DebTags are facetted classification system for debian packages. 1
The Debian Package Browser seems to be an effort to collect tagged classifications of packages using a web browser interface.
The EDOS project has generated some graphs showing package dependencies in debian.
Since these are lab notes they record a number of false starts. Well suppositions that once explored were found to be incorrect. Thus to short circuit a lot of confusion is makes sence to jump down to the last paragraph in each section.
The following files contain information about packages.
/var/lib/dpkg/available
/var/lib/dpkg/status
/var/lib/apt/lists/*Package
It seesm that dselect makes a summary of installed files in available and status. Experiements on my system have led me to the following conclusions:
some installed files are not listed in available
there is only ever one version of each package in the union of status and available
status contains full records for some packages and very short records for other packages
some packages on my system appear to not have their prequesities met
To substantiate my last point consider the following:
Missing dependency for libmagick6: libltdl3 (>= 1.5.2-2) available version is: libltdl3 1.5.6-6 version is not in target installed install version is in status all available
Checking that my program is working correctly here are the entries from status. Incidencly there is full entry for libmagick6 in both status and also in available.
Package: libmagick6 ... Depends: libbz2-1.0, libc6 (>= 2.3.2.ds1-21), libdps1 (>> 4.1.0), libfreetype6 (>= 2.1.5-1), libice6 | xlibs (>> 4.1.0), libjasper-1.701-1 (>= 1.701.0), libjpeg62, liblcms1 (>= 1.08-1), libltdl3 (>= 1.5.2-2), libpng12-0 (>= 1.2.8rel), libsm6 | xlibs (>> 4.1.0), libtiff4, libx11-6 | xlibs (>> 4.1.0), libxext6 | xlibs (>> 4.1.0), libxml2 (>= 2.6.19), libxt6 | xlibs (>> 4.1.0), zlib1g (>= 1:1.2.1) ... Status: install ok installed Package: libltdl3 Status: purge ok not-installed Priority: optional Section: libs
So there is library that libmagick6 is dependent on which is not installed. So how can this occur?

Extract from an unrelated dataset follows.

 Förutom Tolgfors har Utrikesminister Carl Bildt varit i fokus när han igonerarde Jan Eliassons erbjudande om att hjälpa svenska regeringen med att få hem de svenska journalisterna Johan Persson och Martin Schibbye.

This came about because multiple versions of some packages exist within the union of the descriptions in available and status. My program was updated to allow multiple package versions and when this was done it stopped complaining about unsupported packages.
I should also mention that the program first accounts for the provides field before accounting for dependencies.

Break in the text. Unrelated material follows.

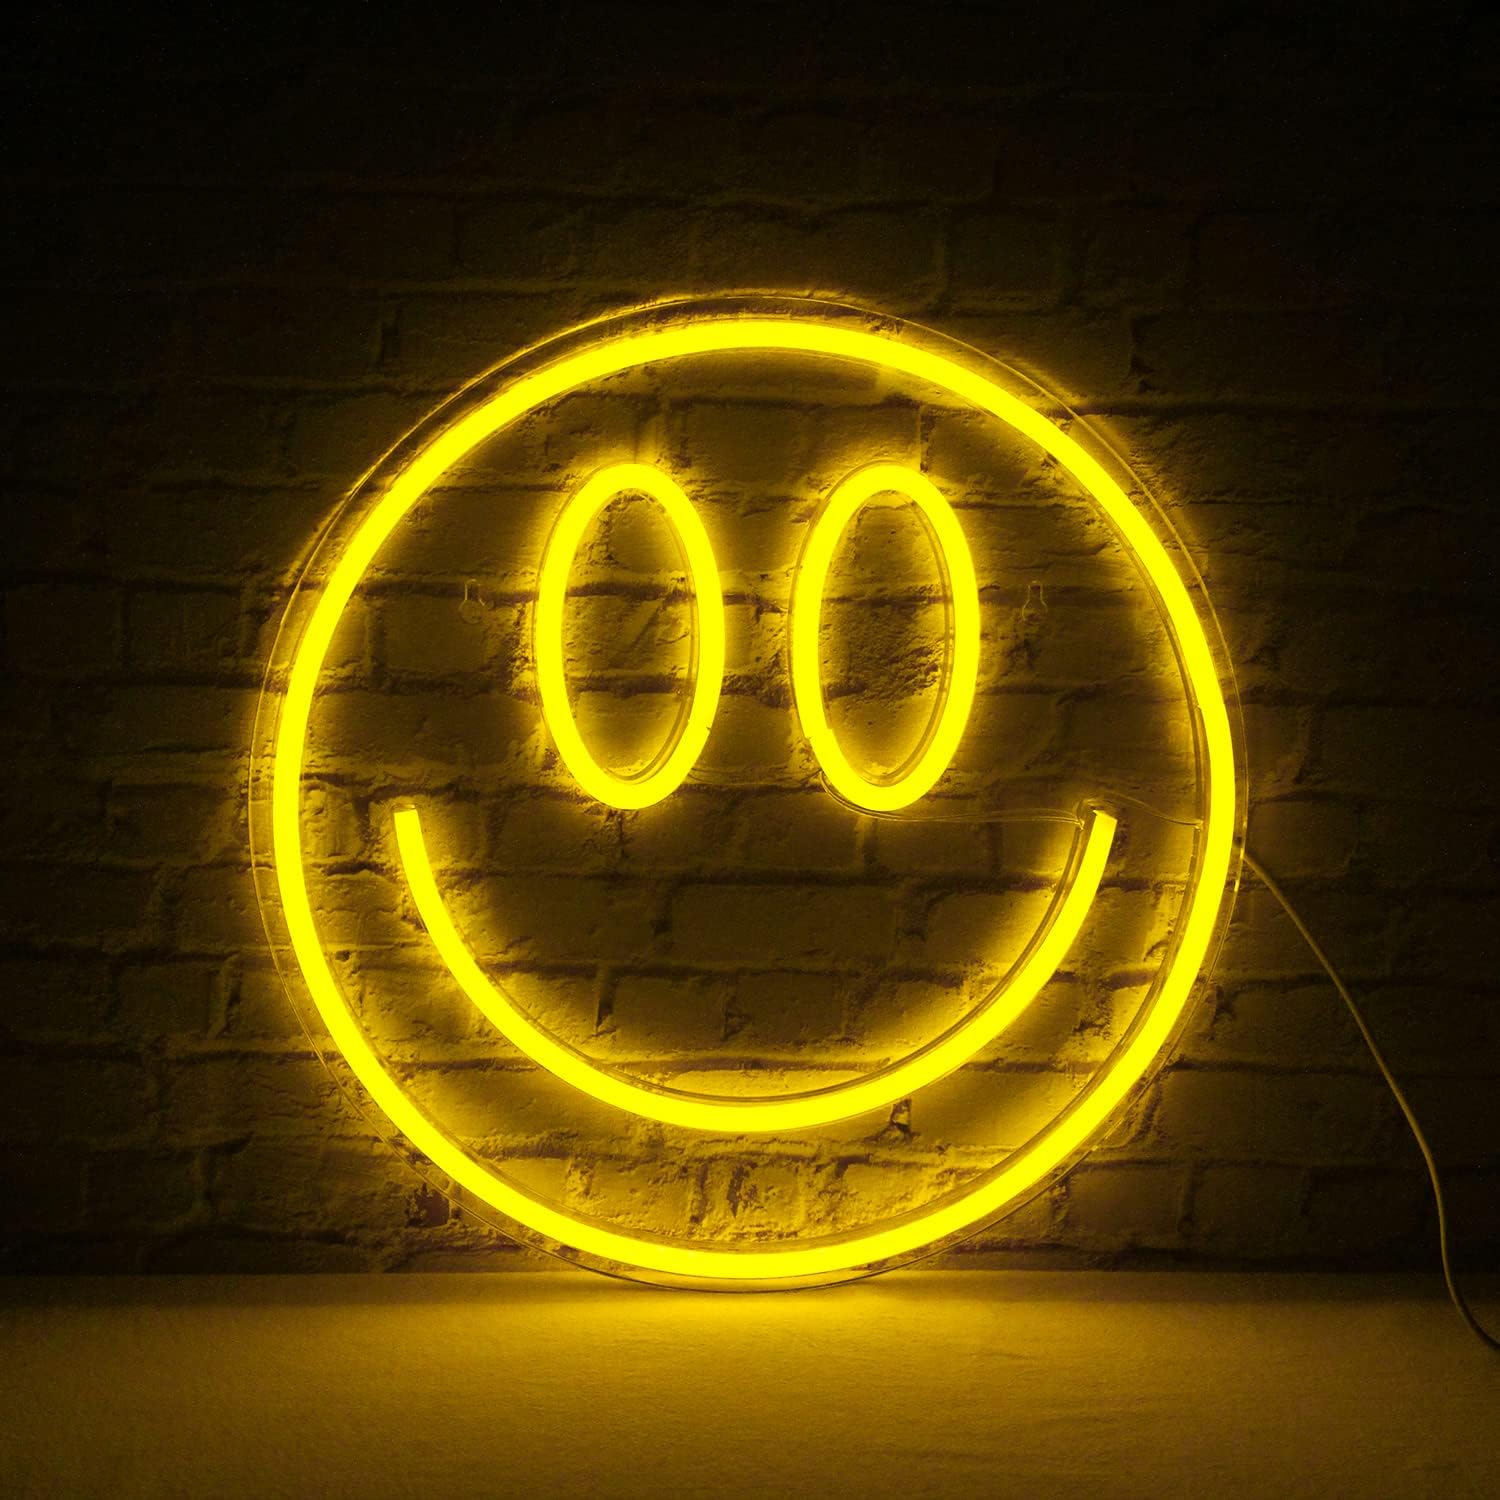 Smiley φωτεινή επιγραφή LED στον τοίχο

def pr_closure(target) pr_target = Set.new for x in target for p in x.provides do pr_target.add(p) end pr_target.add(x) end end
Currently there are a large number of virtual packages which are being extracted. The present program architecture treats these as seperate packages. Since the empty version string comes before any other version string any version of package x will satisfy any dependency the virtual package x.
The status file currently contains descriptions of packages without version information. It seems that, within the status file, every installed package contains a full description while uninstalled packages have minimal descriptions that don't contain a version.
The formalisation of the provides field has changed. It was realised that provides in fact only makes mention of virtual packages and that virtual packages do not provide other packages. As a result the provides field can be accounted for the definition of packages matching a dependency and packages causes in conflict. This has been done.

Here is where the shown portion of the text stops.